Your comments are exactly right and could not agree more but I was operating under assumption that the particular person looking for insight was not looking for guaranteed income today but rather on a deferred basis or at some point in the future.

You are 110% correct, if you need guaranteed income today, I to am led to believe an immediate fixed annuity is probably the most efficient way to get there today. If a guaranteed amount of income is what you are looking for in the future than that is what I was referencing when stating that you might consider the VA.

You are right, in my findings, the variable portion of the VA is the frustrating part and most difficult to understand but some may look at it as just potential gravy on top of the income benefits they can provide.

Based on my orginal comments and my opinions, you should first be looking at this annuity from an income, not investment perspective. I am going to put X dollars in today, my benefit base from a withdrawl standpoint will be X dollars at some point in the future (usually double 10-12 yrs out) and I will get X percentage of income - in this question I am going to have to assume that the VA5 means that the 5 means that 5% of the benefit base will be paid out on a lifetime basis when income is elected to be taken. I have no idea if that is the case but many of the more competitive ones pay out somewhere around 5%. If the variable portion performs better then the guaranteed amounts than the payouts could potentially be higher. One would have to and need to recognize what the realistic chances of this happening are however. The expsensive fee drag, sequencing of returns, timing of purchase, and many other factors are all going to influence and probably provide extreme headwinds in allowing the variable portion to attain levels above the guaranteed benefit bases.

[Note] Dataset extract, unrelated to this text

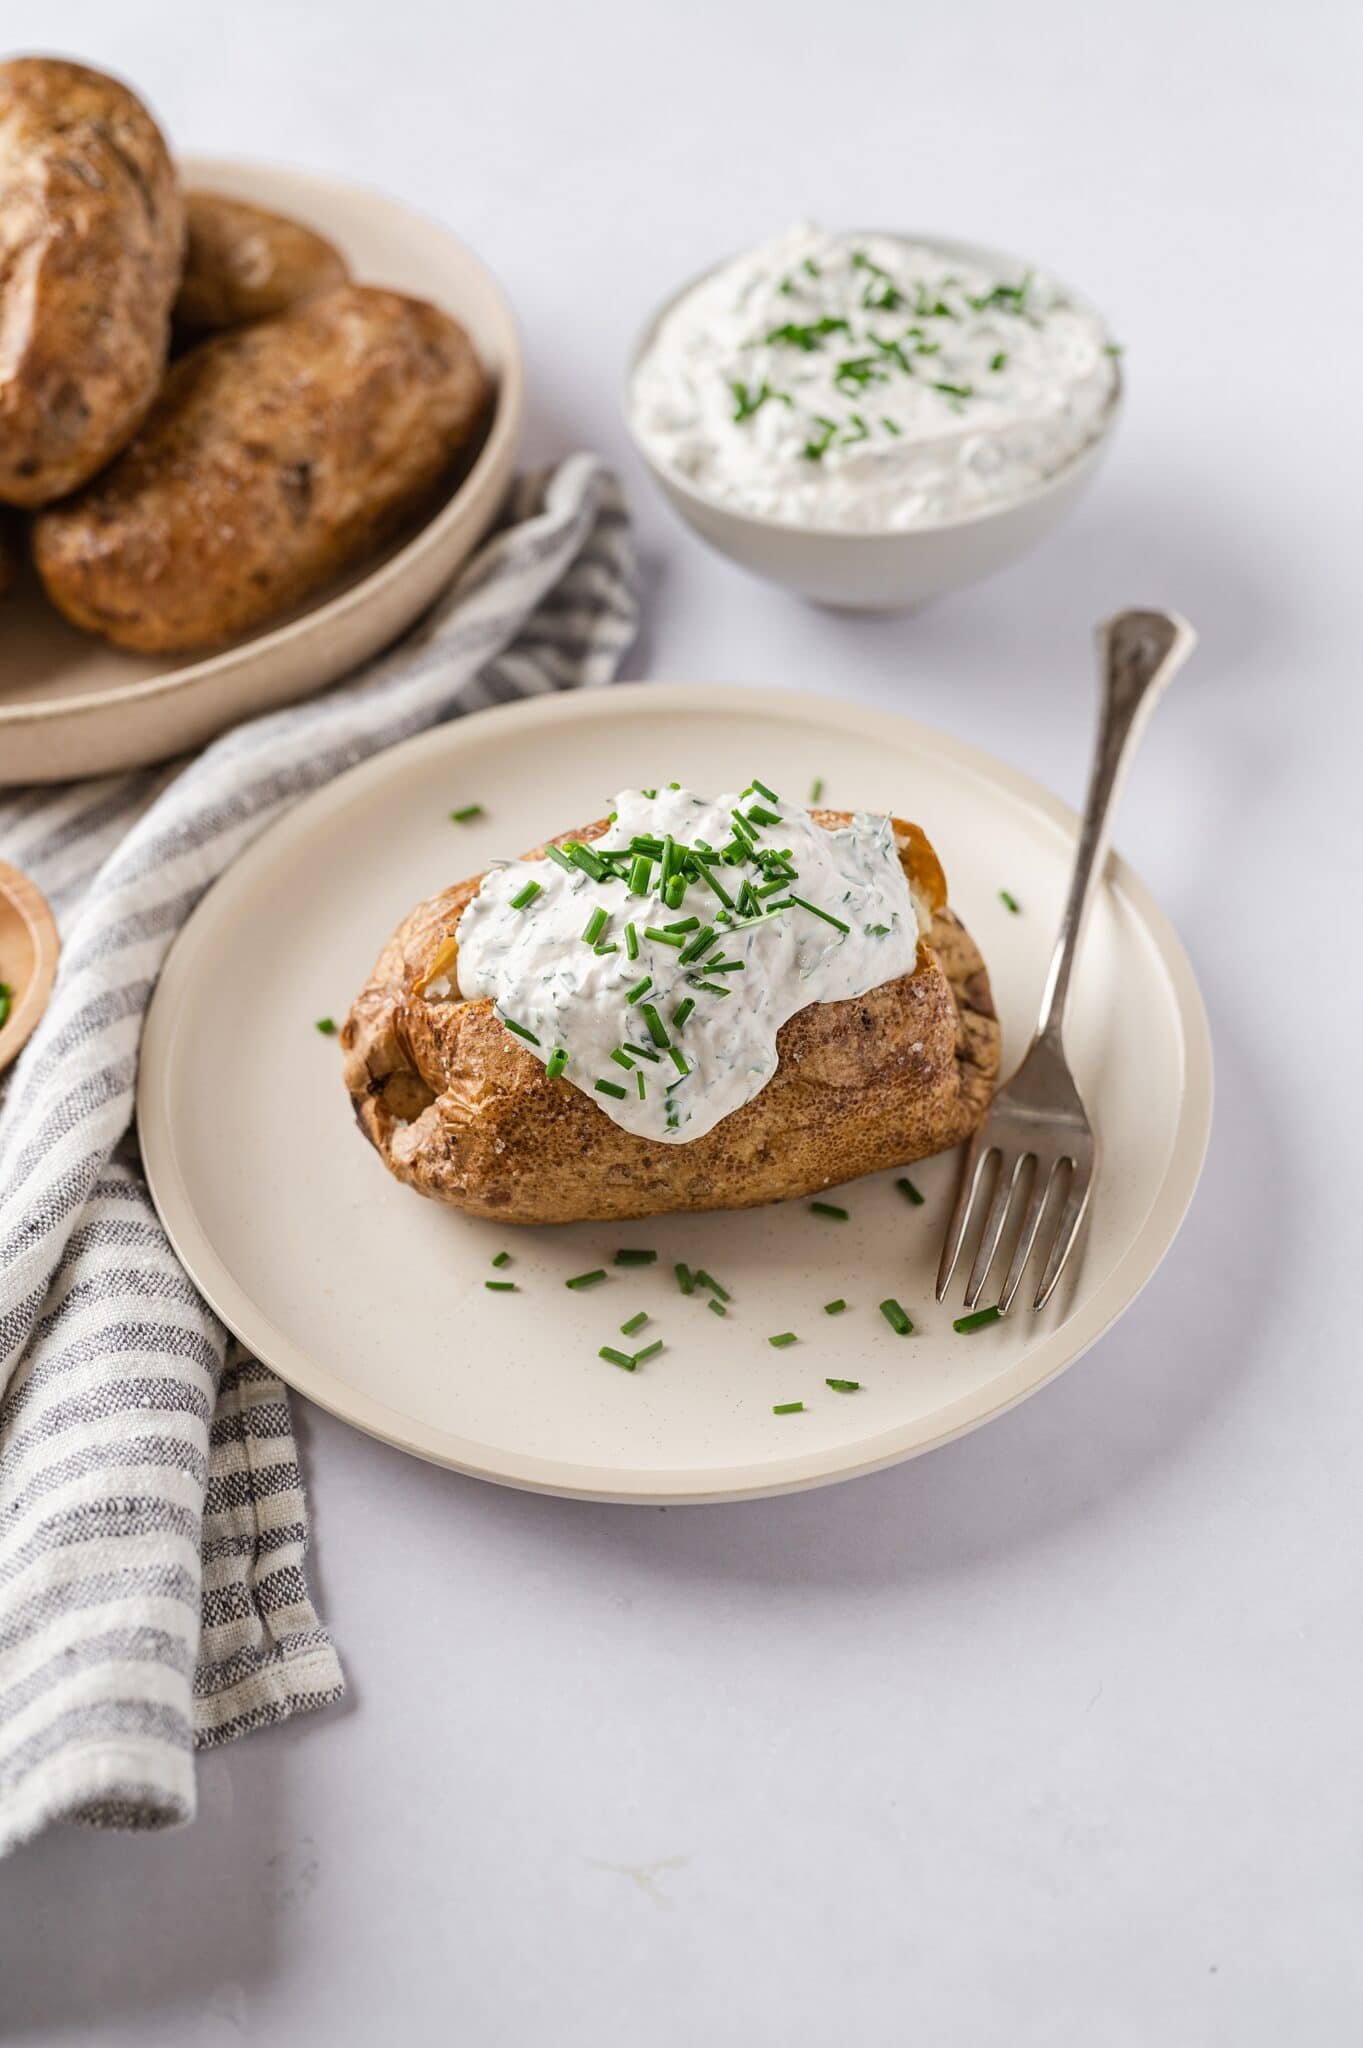 baked potato with sour cream and chives on a plate with baked potatoes, sour cream and chives in the background
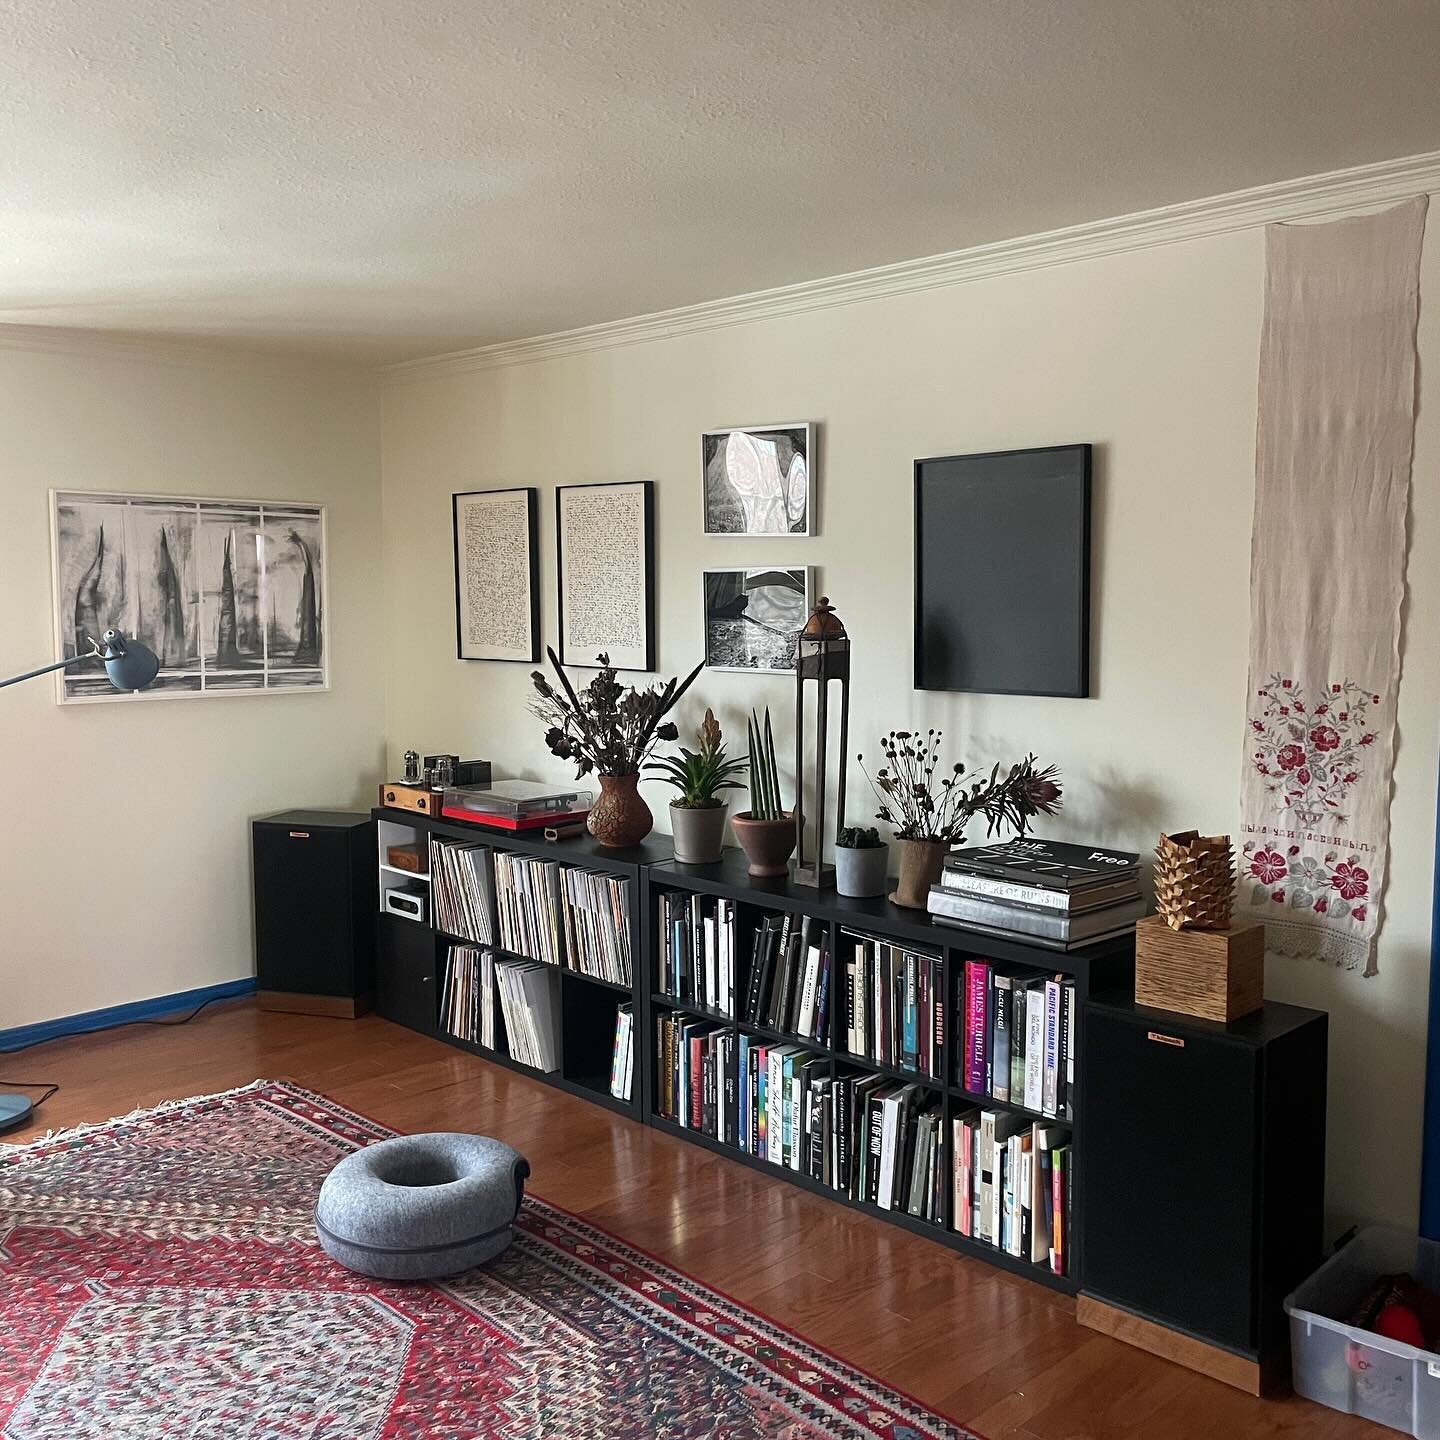 Finally we have enough wall space to hang some of the art we&rsquo;ve accumulated over years. Somewhere there pieces by @liza_sylvestre, @shanai_matteson, @kat_oi @maguyuko, @leonidzeiger, @max_photo_shot, @yaelharnik, Sasha Okun, and my own

Again, these are not for everyone (including me, not looking for income anytime in the 10-12 yr window) but my mother and mother in law were good fits for them and why I took the time to truly understand them. At some point, many are willing to trade peace of mind for rate of return and if that is the case then it might be worth looking at.

A mentor of mine once told me that expenses and fees are only questioned in the abscence of value. If a guaranteed income stream with minimal risk (carrier default risk is probably the most prevelant risk in these products) is of value to you then they are worth looking at. This is not of any value to me so I am tend to look at these in a different light and beat them up on the basis of being very expensive than someone who might see a different value in them.